Iberdomide

Clinical data
- Trade names: Zenbexus
- Other names: CC-220
- AHFS/Drugs.com: Zenbexus
- License data: US DailyMed: Iberdomide;
- Routes of administration: By mouth
- Drug class: Cereblon-modulating protein degrader
- ATC code: None;

Legal status
- Legal status: US: ℞-only;

Identifiers
- IUPAC name (3S)-3-[7-({4-[(morpholin-4-yl)methyl]phenyl}methoxy)-3-oxo-1H-isoindol-2-yl]piperidine-2,6-dione;
- CAS Number: 1323403-33-3; as HCl: 1560678-63-8;
- PubChem CID: 67335295; as HCl: 72793904;
- IUPHAR/BPS: 9618;
- DrugBank: DB12101;
- ChemSpider: 52085251;
- UNII: 8V66F27X44; as HCl: 79L3645KFI;
- KEGG: D11134; as HCl: D11135;
- ChEMBL: ChEMBL3989927;

Chemical and physical data
- Formula: C_{25}H_{27}N_{3}O_{5}
- Molar mass: 449.507 g·mol^{−1}
- 3D model (JSmol): Interactive image; as HCl: Interactive image;
- SMILES O=C1CC[C@H](N2Cc3c(OCc4ccc(CN5CCOCC5)cc4)cccc3C2=O)C(=O)N1; as HCl: Cl.O=C1N(CC2=C1C=CC=C2OCC3=CC=C(CN4CCOCC4)C=C3)[C@H]5CCC(=O)NC5=O;
- InChI InChI=1S/C25H27N3O5/c29-23-9-8-21(24(30)26-23)28-15-20-19(25(28)31)2-1-3-22(20)33-16-18-6-4-17(5-7-18)14-27-10-12-32-13-11-27/h1-7,21H,8-16H2,(H,26,29,30)/t21-/m0/s1; Key:IXZOHGPZAQLIBH-NRFANRHFSA-N; as HCl: InChI=1S/C25H27N3O5.ClH/c29-23-9-8-21(24(30)26-23)28-15-20-19(25(28)31)2-1-3-22(20)33-16-18-6-4-17(5-7-18)14-27-10-12-32-13-11-27;/h1-7,21H,8-16H2,(H,26,29,30);1H/t21-;/m0./s1; Key:VVHQVXXPZDALDV-BOXHHOBZSA-N;

= Iberdomide =

Chemical compound

Iberdomide, sold under the brand name Zenbexus, is an anti-cancer medication used for the treatment of multiple myeloma. It is a cereblon-modulating protein degrader and a thalidomide analog.. It is taken by mouth.

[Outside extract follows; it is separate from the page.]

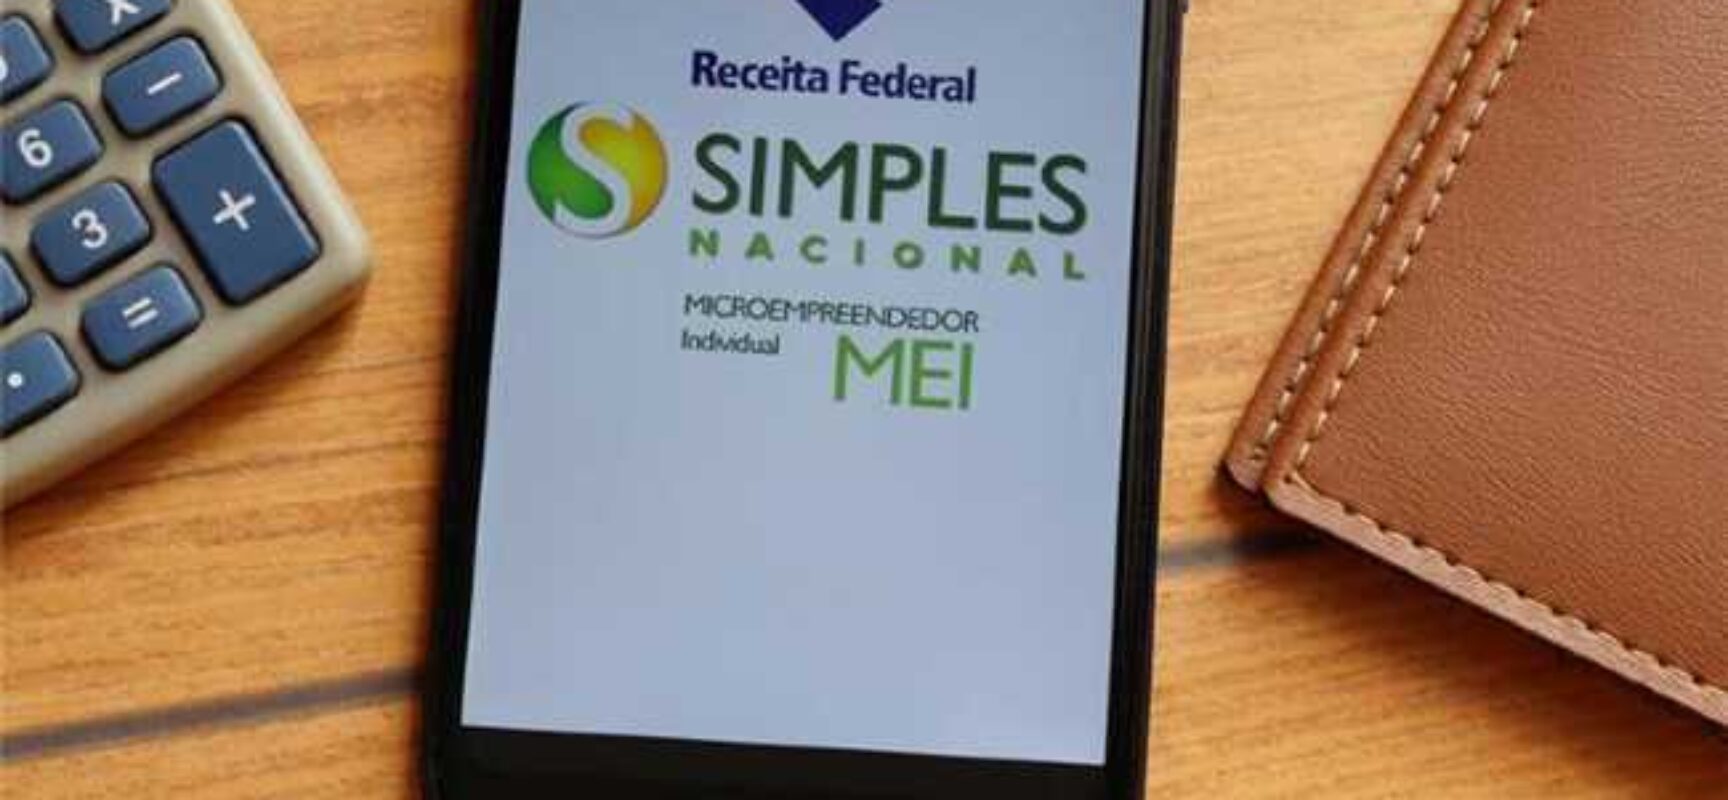 Comunicado: prorrogado início da obrigatoriedade de emissão de nota fiscal eletrônica para MEIs
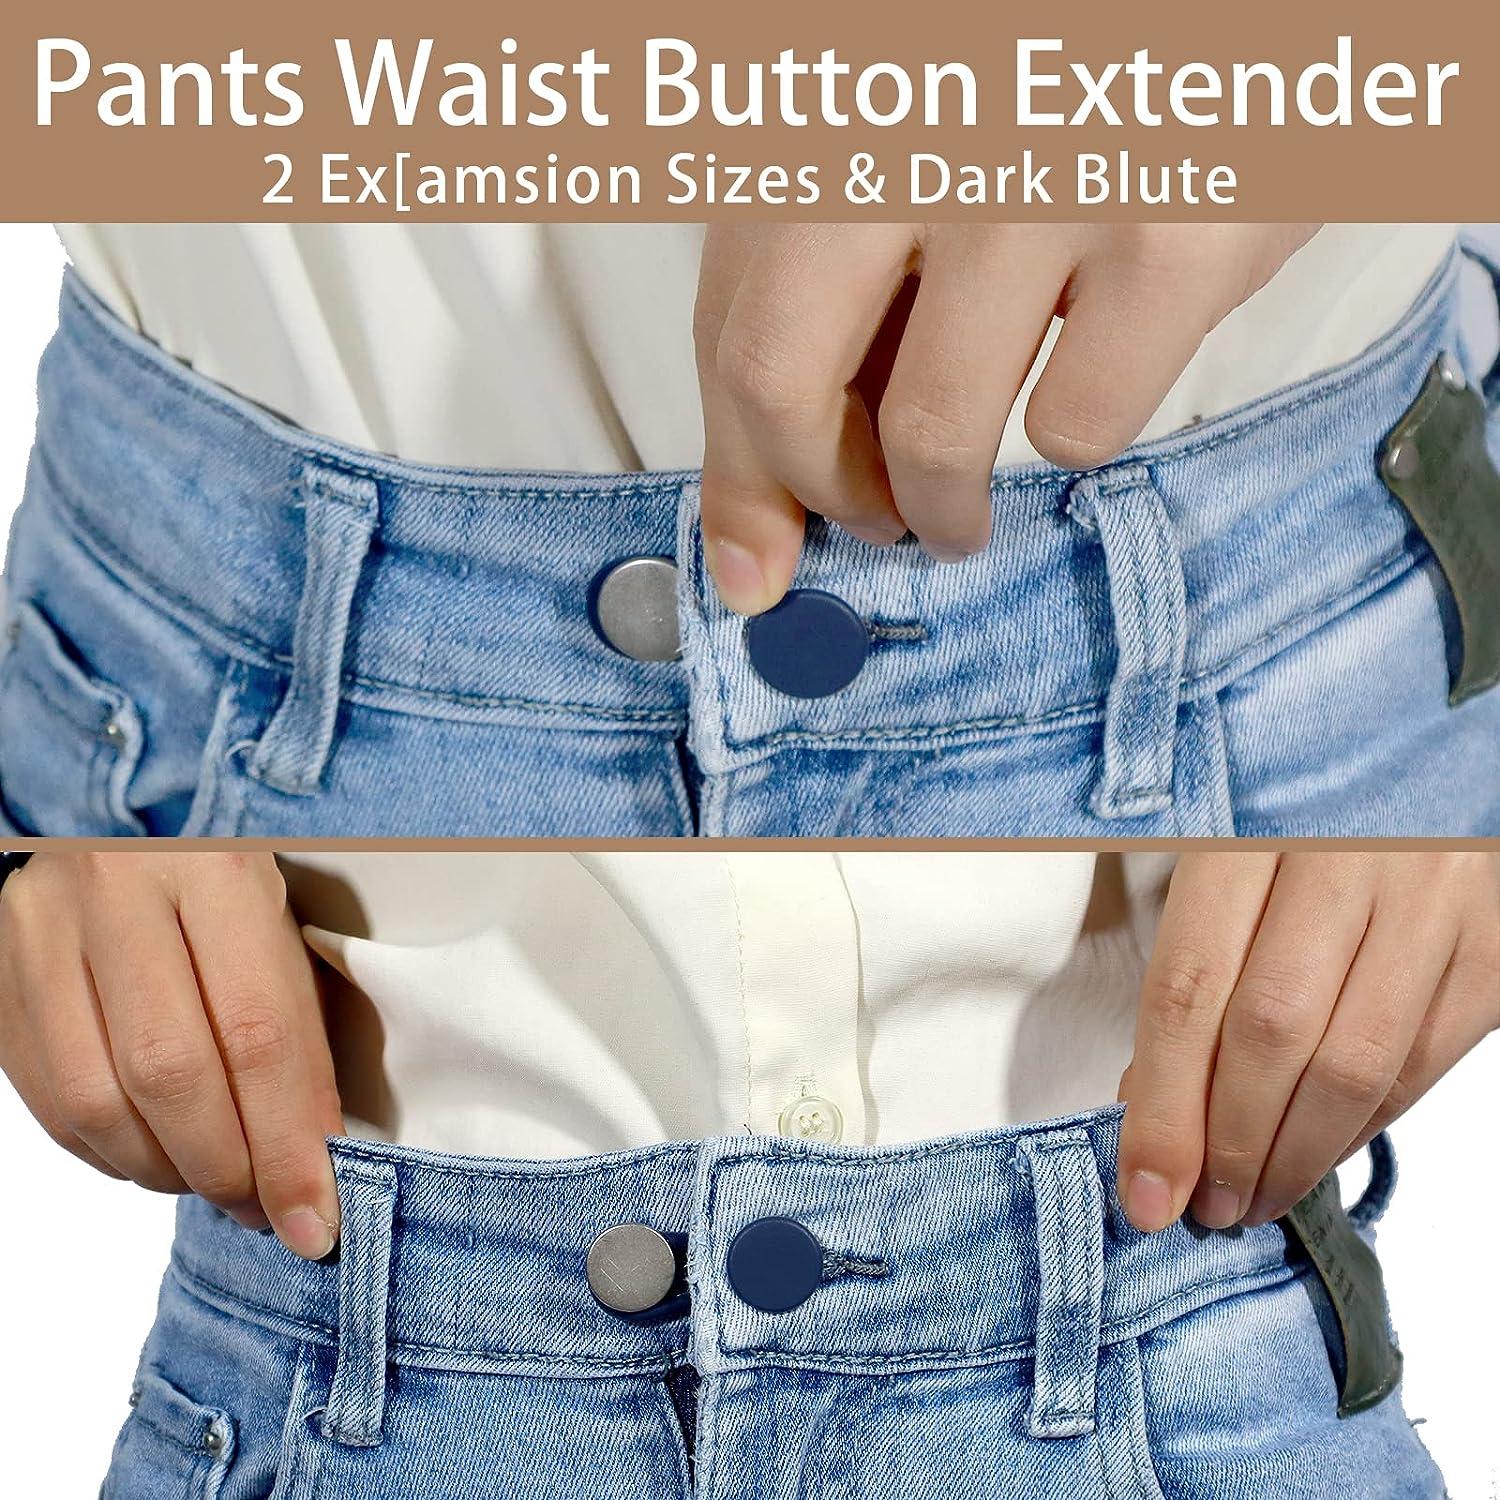 12PCS Button Extenders for Jeans, Jean Button Extender, Button Extender for  Pants, Waist Extenders for Pants for Women for Men, Pants Waist Extension  1/1.4 Inches, Black, Blue, Khaki

Iberdomide was approved for medical use in the United States in August 2026.

== Medical uses ==
Iberdomide is indicated in combination with daratumumab, hyaluronidase, and dexamethasone for the treatment of adults with multiple myeloma who have received at least one prior line of therapy including a proteasome inhibitor and an immunomodulatory agent.

== Adverse effects ==
The US prescribing information includes a boxed warning for embryo-fetal toxicity and serious venous and arterial thromboembolism, as well as warnings and precautions for neutropenia, infections, and secondary primary malignancies.

== History ==
Iberdomide was developed by Bristol Myers Squibb and has a higher binding affinity than lenalidomide or pomalidomide. It has undergone clinical trials for various cancers and was also tested in people with lupus.

Efficacy was evaluated in EXCALIBER-RRMM (NCT04975997), a two-stage, randomized, multi-center, open-label trial in adults with relapsed or refractory multiple myeloma who had previously received one or two prior lines of therapy. People who had disease refractory to prior anti-CD38 monoclonal antibody therapy, or to prior bortezomib were excluded. A total of 939 participants were randomized to one of three dose levels of iberdomide in combination with daratumumab and hyaluronidase and dexamethasone (IberDd) or to daratumumab and hyaluronidase, bortezomib and dexamethasone (DVd) in stage 1 (n=279); or to iberdomide 1 mg in combination with daratumumab and hyaluronidase and dexamethasone (Dd) or DVd in stage 2 (n=660).

== Society and culture ==
=== Legal status ===
Iberdomide was approved for medical use in the United States in August 2026. The U.S. Food and Drug Administration (FDA) granted the application for iberdomide priority review, breakthrough therapy, and orphan drug designations.

=== Names ===
Iberdomide is the international nonproprietary name.

Iberdomide is sold under the brand name Zenbexus.